Inventing The Abbotts review

Quite why director Pat O'Connor would want to remake Circle Of Friends all over again (but set it in small-town Illinois) is a bit of a mystery. Yet that's precisely what Inventing The Abbotts is. It's set in the same year (1957), has the same problems (sex and no sex), the same set-up (narration by a grown-up nostalging over teenage years) and the same laid-back quaintness.

Of course, there's more sex this time. Given that the movie has no car chases or gunfights, there had to be something to spice it up a bit. This is a film about sexual liberation and the '50s, and the first of Jacey's conquests, Jennifer Connelly's Eleanour, is an ""I'll show you my knickers for a dollar"" wildcat who embodies the imminent '60s rebellion against the chaste ways of the past. ""What have you been doing?"" asks her father when he discovers her all dishevelled and spent. ""Fucking Jacey"" is her short, sweet answer.

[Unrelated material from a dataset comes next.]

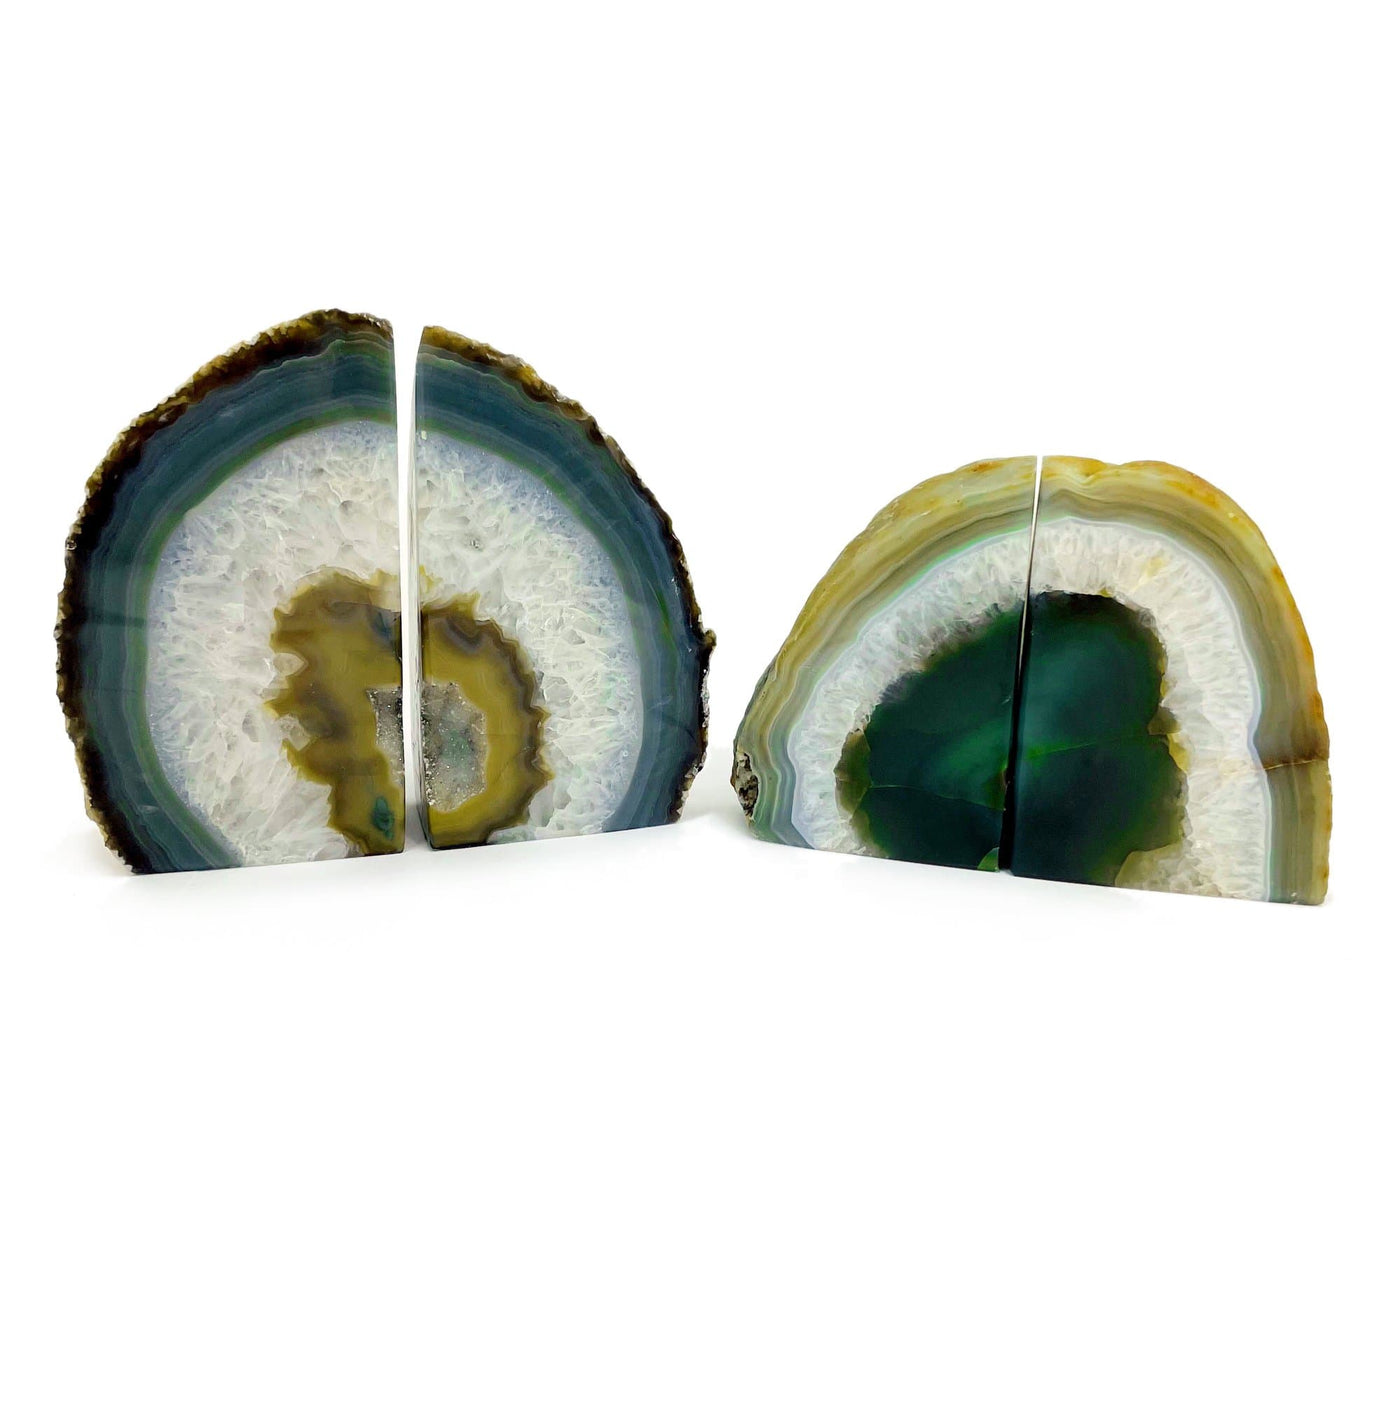 Green Agate Bookends displayed front facing to show variation in size and pattern.

But it's Tyler and Phoenix who will grab the plaudits. The latter is tricky to gauge at first, but turns out to have a subtle comic talent, playing the slightly gormless, girl-shy type with style - a true descendant of Matt Dillon. Tyler's skill is an ability to blend frumpy plainness and scene-stealing glamour, a vital technique when you're cast as the girl-next-door who always gets the guy. Slightly gawky, she's not exactly the ultimate beauty, but this hippy-chick goddess is still irresistibly watchable.

This time it's American puritanism, not Catholic guilt, that's plaguing the sex-hungry kids, but there's the same moral here as in Circle of Friends: that it's only the good kids who take it slow who find love in the end. Inventing The Abbotts boasts some good performances, a mildly funny script and some classy fake sideburns. It's a bit like a black and white Sunday afternoon weepy. But in colour. Obviously.

Attempting to conjure up '50s America in the same way that he recreated sleepy '50s Ireland in Circle Of Friends, O'Connor gives us a touching film about smalltown rivalries. It's slow, charming and about nothing else but itself. Ideal date-movie material.